Examples - Telescope

Telescope ships with example configs that run end-to-end out of the box. Each example trains a small model on a specific task so you can see the full pipeline in action. All examples use the same command pattern:

uv run train.py --config configs/examples/<example>.yaml

Countdown

A mathematical reasoning task where the model must create an equation from a set of numbers to reach a target value. This is the simplest example and a good starting point.

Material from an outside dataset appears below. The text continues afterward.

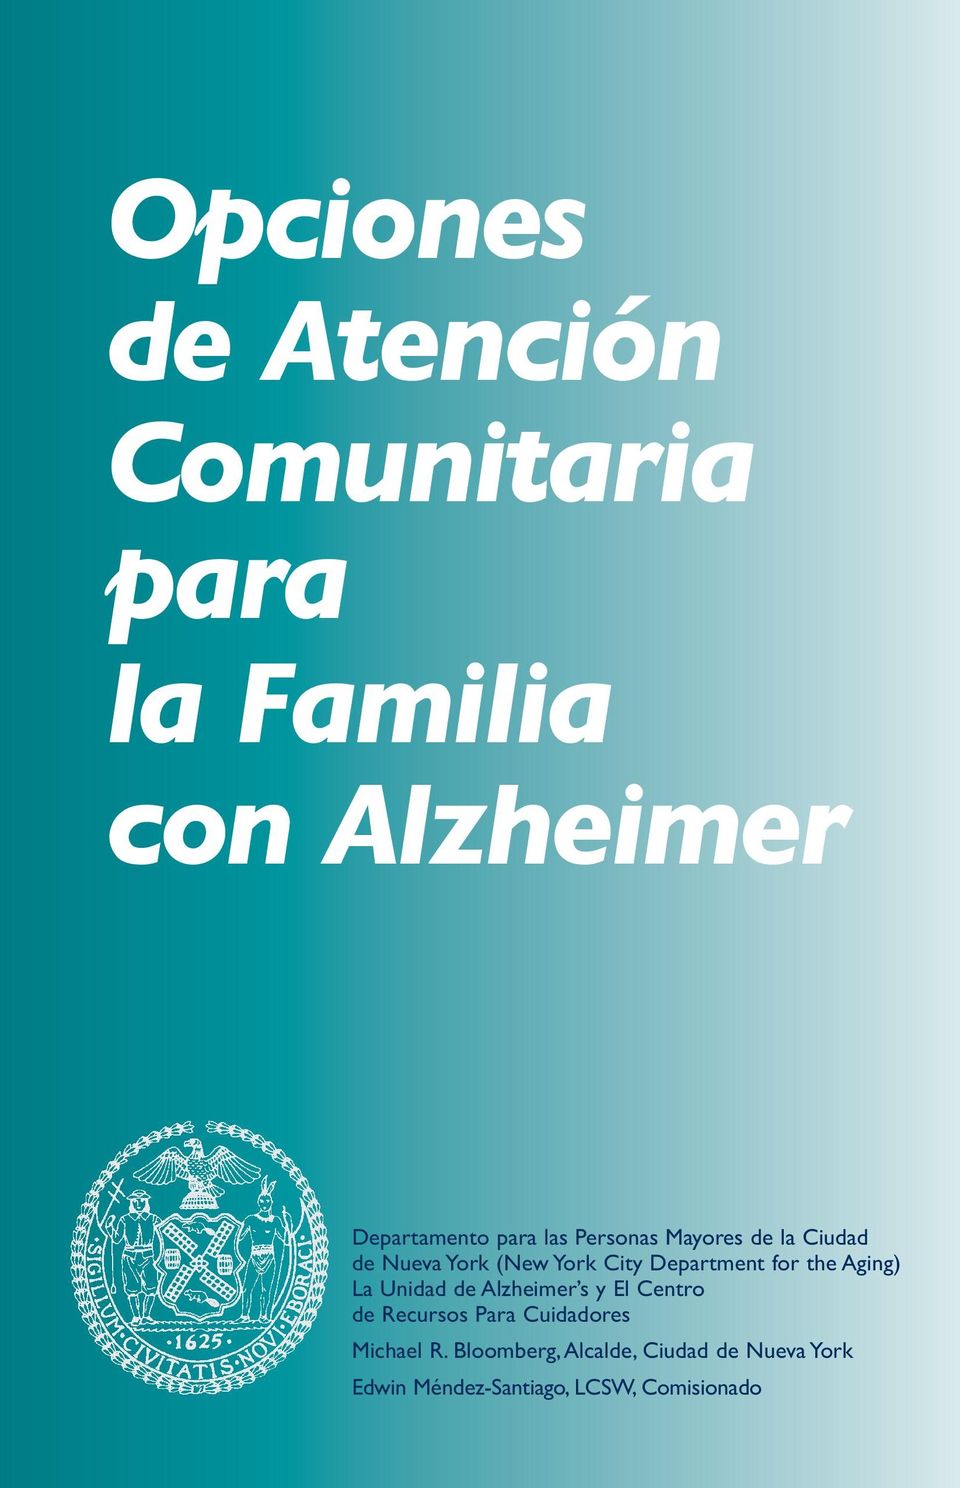 Aging) La Unidad de Alzheimer s y El Centro de Recursos Para Cuidadores Michael R.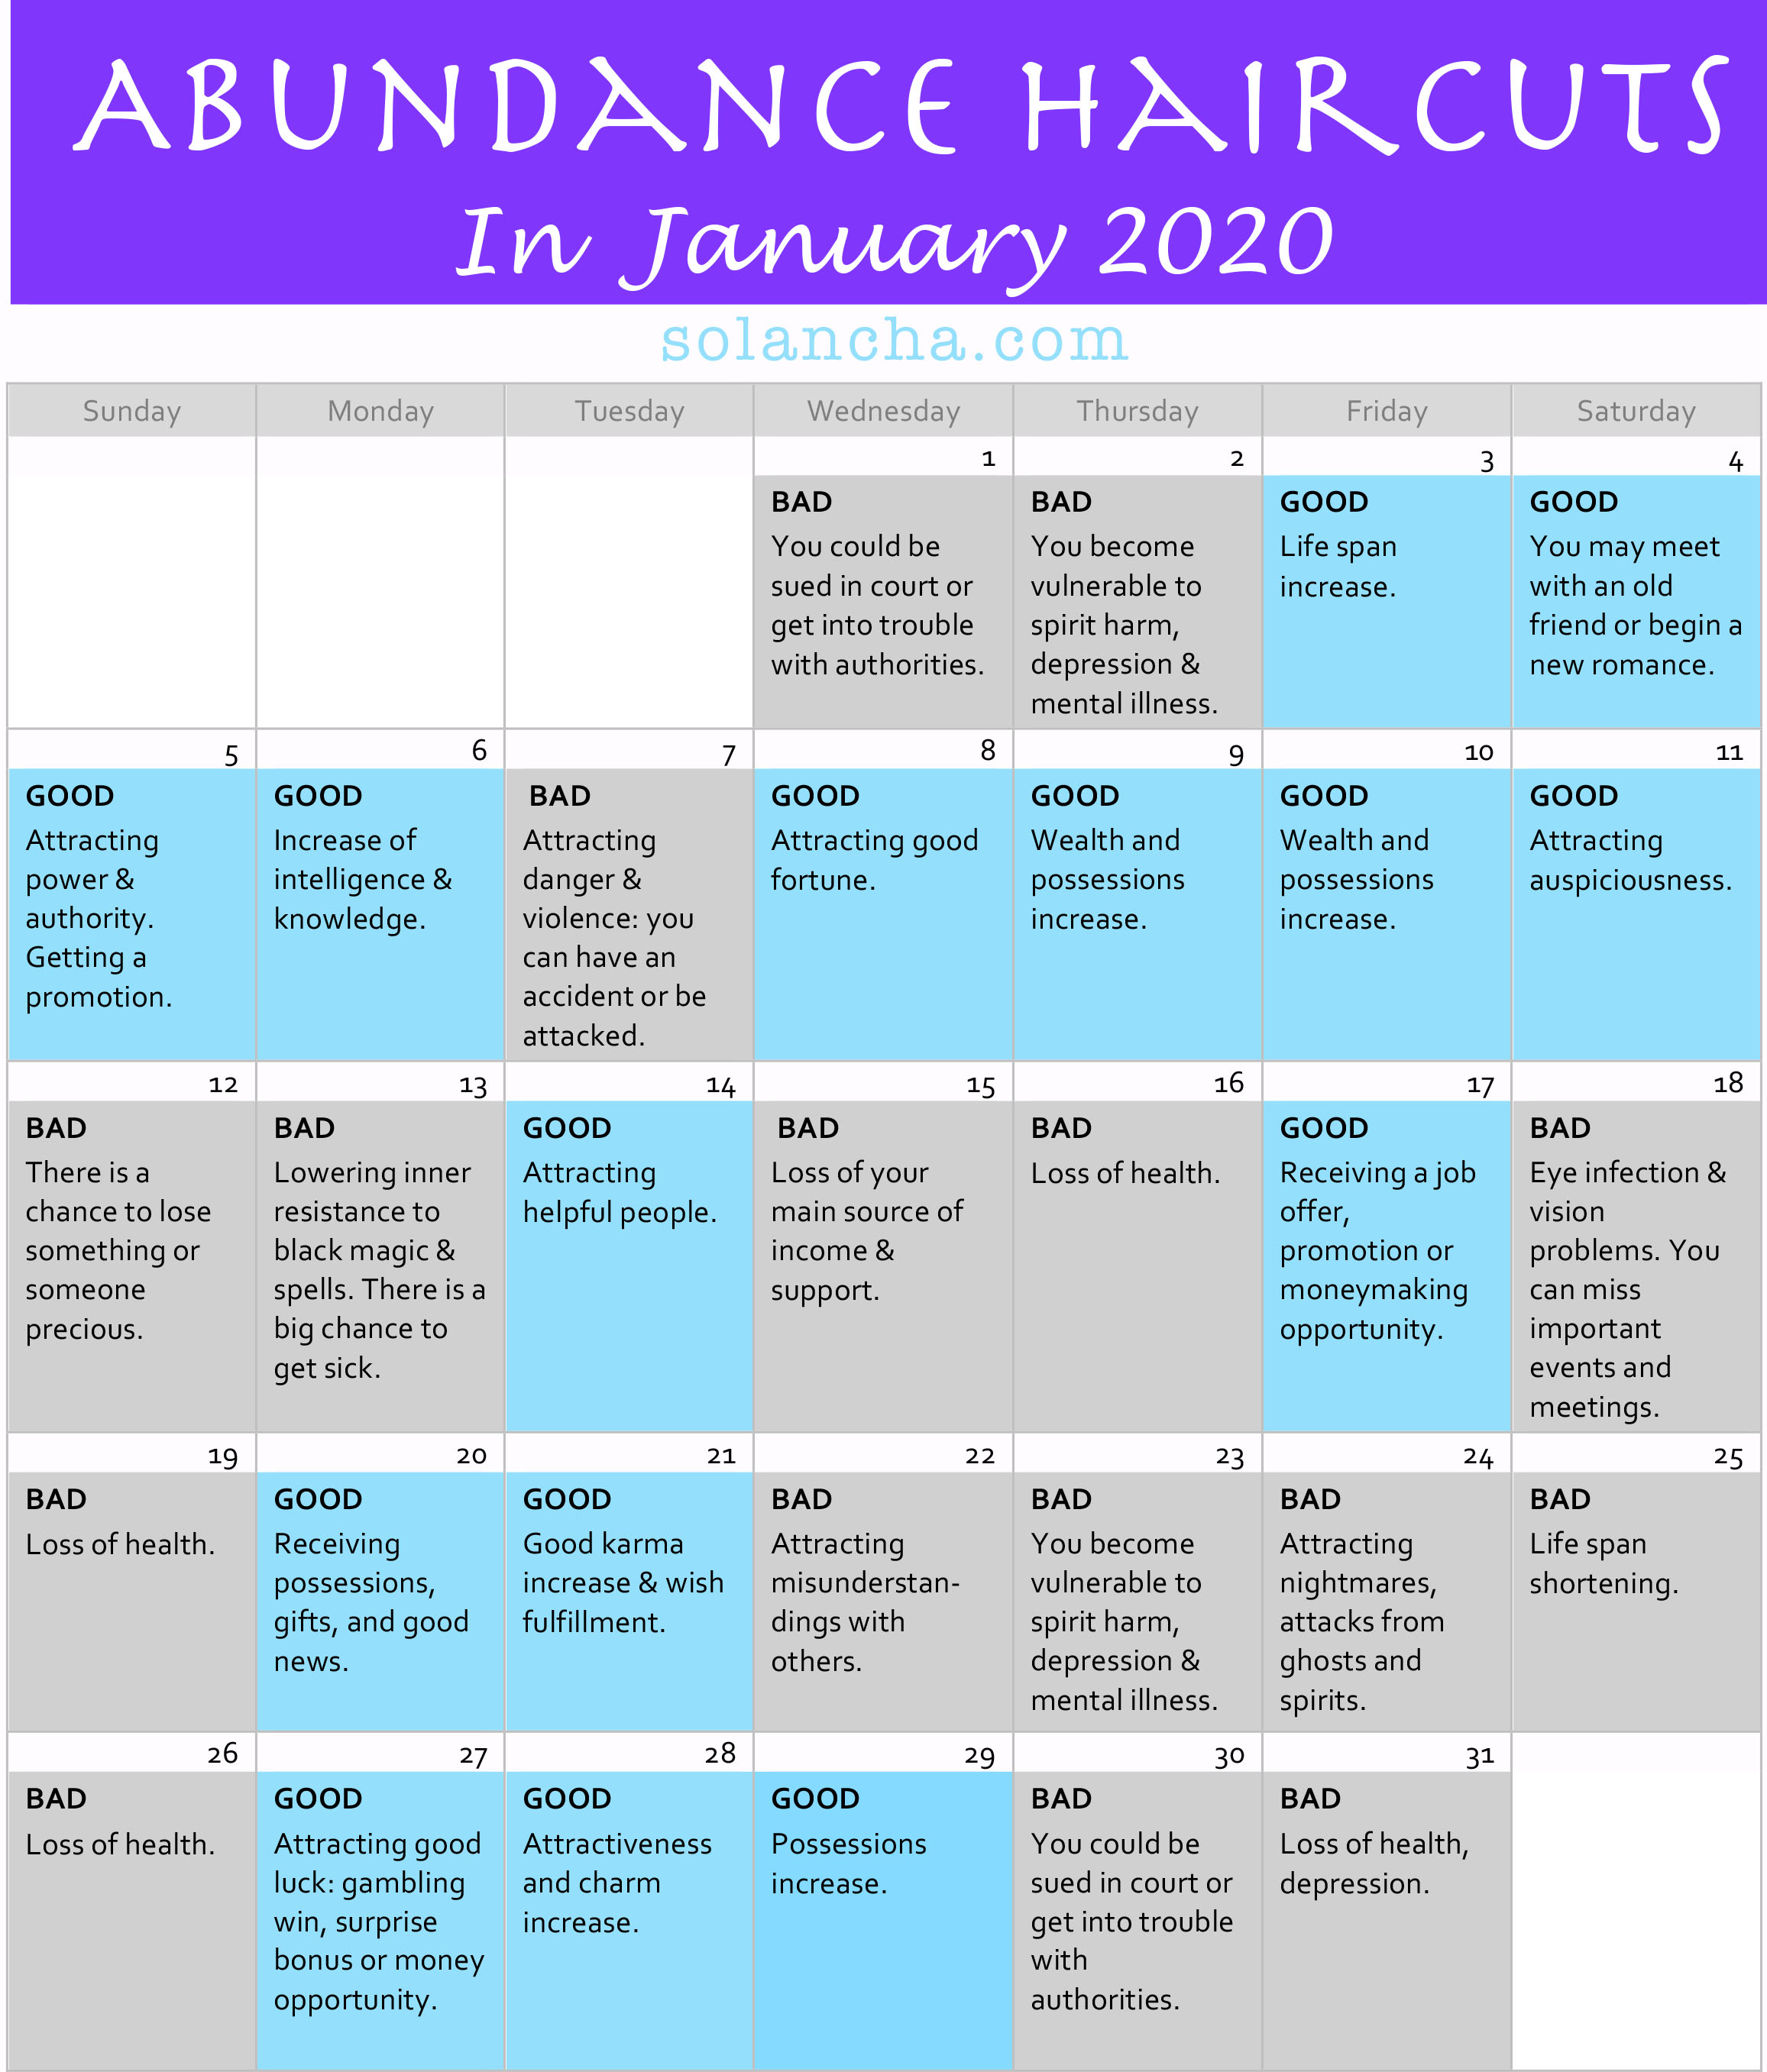 Abundance Haircuts in January 2020 Calendar

uv run train.py --config configs/examples/example_countdown.yaml

Prompt:

Using the numbers [1, 2, 3, 5], create an equation that equals 12.
You can use basic arithmetic operations (+, -, *, /) and each number
can only be used once.

Model response:

<think>
Let me try some combinations:
- 1 + 2 + 3 + 5 = 11 (not 12)
- (5 * 2) + (3 - 1) = 10 + 2 = 12 (this works!)
</think>
<answer>(5 * 2) + (3 - 1)</answer>

Since Qwen2.5-3B is a base model that doesn’t natively produce reasoning traces, add_thinking_prefix: true prepends a <think> tag to the assistant’s response, nudging the model to learn chain-of-thought reasoning. Reward: format_reward = 1.0 (correct <think>...<answer> format) + equation_reward = 1.0 (uses exactly [1, 2, 3, 5] and evaluates to 12) = 2.0

Config

model: "Qwen/Qwen2.5-3B"

inference_num_workers: 2
trainer_num_workers: 2

environments:
  - name: "countdown"
    reward_min: 0.0
    reward_max: 2.0
    kwargs:
      add_thinking_prefix: true

prompts_batch_size_for_trainer: 16
group_size: 8
number_of_steps: 300
algorithm: "grpo"

max_model_len: 4096
max_tokens: 3600

Dataset: Jiayi-Pan/Countdown-Tasks-3to4

This config uses 2 GPUs for training and 2 for inference (4 total). Adjust trainer_num_workers and inference_num_workers to match your setup.

Hendrycks MATH

Competition-level math problems. The model must solve problems and provide the final answer inside \boxed{}. Answers are verified symbolically using math_verify, so equivalent forms like \frac{1}{2} and 0.5 are both accepted.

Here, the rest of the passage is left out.